Forward-exercising and making an 83(b) election also starts the clock ticking on capital gains tax. Effectively, if you're starting at a brand new unicorn, and exercise your entire grant on Day 1, you'll only owe Long-Term Capital Gains tax (15%, instead of regular income rates — or, worse, AMT) on the entirety of your (initial) option grant, the day you hit your vesting cliff.
The downside of early exercise is if you leave before vested and your employer repurchases the shares, you're out the taxes you paid (minus some deductions in future years that will offset other gains but will still be painful for most people).
You'll need $10K to buy the options from your company. That's "Day 1". By Day 30 you need to file 83b with the IRS. And when it's time to pay your taxes for that year, you'll need to pay the IRS the taxes on the "income" you got from exercising the options. That is, if the strike price is $1 and the current market price for the shares is $3, the IRS sees that as a $20K income you made (even though you don't actually have liquid money).
If the delta between the strike price and the market price is large enough, you might actually pay the IRS more than you'll pay your company.
My understanding is that Day 0 is the only important day here (or actually, Day 365 doesn't matter). You pay $10K on Day 0 and you earn no "income", so you do not owe any tax.
On Day 900, if your shares are worthless, you can then take that $10K as a long-term capital loss. If and how that can carry forward is something you'll want a tax accountant for.
Thank you for this, I exercised stock options last year but never received form 3921 from my ex-employer. What are my next steps here? I reached out to my employer, but I doubt they'll get back to me. Do I need to report this to the IRS?
There should be a guide overall on how RSUs work, especially in an early-stage context, for startup employees. I feel like people toss percentages around but don't grasp the meaning of what they're about.
This guide basically convinced me I need to talk to an attorney and accountant haha.
As I understand it, RSUs are a lot simpler. You don't need to do anything when they are granted to you.
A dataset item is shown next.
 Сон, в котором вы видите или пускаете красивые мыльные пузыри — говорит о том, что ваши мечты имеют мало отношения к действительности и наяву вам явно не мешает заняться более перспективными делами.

And when they vest, they count as normal income at the value at vest time.
Is there ever any reason to exercise options with a FMV below the strike price? I know someone who left her job and is in that situation (private company), seems like she should just ignore them entirely and let the options expire. I suppose if she had good reason to believe the company would bounce back they'd be nice to have, but otherwise it seems just like buying stock for more than the going market rate.
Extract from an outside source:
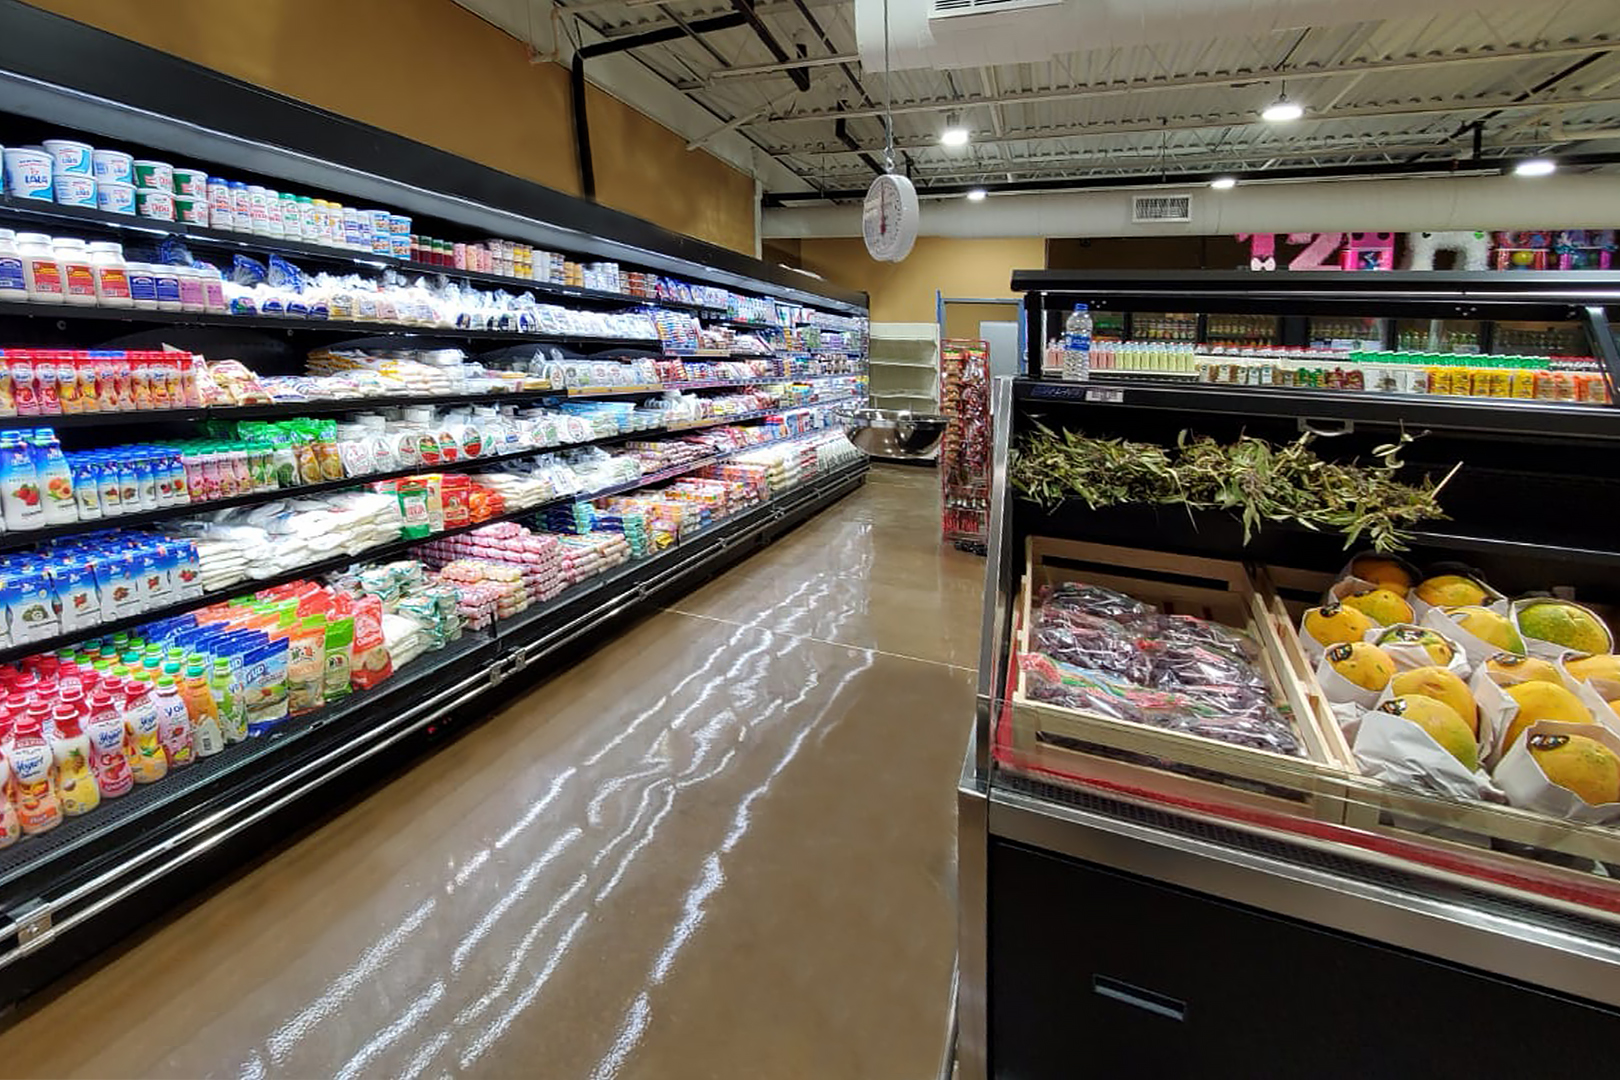 Специализированные витрины для продажи овощей и фруктов Missouri VF MC 110 VF self 125-DBM, пристенные витрины Louisiana MV 095 MT О 210-DLM

If some random person on the internet wants to help me out. If I exercised my options, and the company was purchased later the same year and my common shares were purchased for $0 (preferred shares took all the money, leaving common with zero), how do I file this loss?
I'm by no means an expert, but I believe you should ask for a 1099B with proceeds at $0 and cost-basis at either $0 and marked as not reported, or with cost-basis equal to your expense. If the former is the case (not reported), you report the cost-basis yourself.
If you act in a certain way, you are free to accomplish that for yourself. Only ever do a same-day exercise-and-sell. Never exercise early. Never exercise-and-hold. Enter into a 10b5-1 that ensures you sell any shares immediately upon vesting. I think that covers all the cases and you're protected against being taxed on paper-only valuations.
That doesn't mean that your preference should preclude other people from acting differently.
This opens a number of loopholes related mostly to income and estate tax avoidance. Shares of companies can be transferred to heirs for an arbitrary strike price and if they're never sold, there's no capital gain tax, no income tax and no estate tax liability generated. Rinse and repeat for multiple generations.
AMT is a quick fix to allow the government to tax the transfer of assets per se.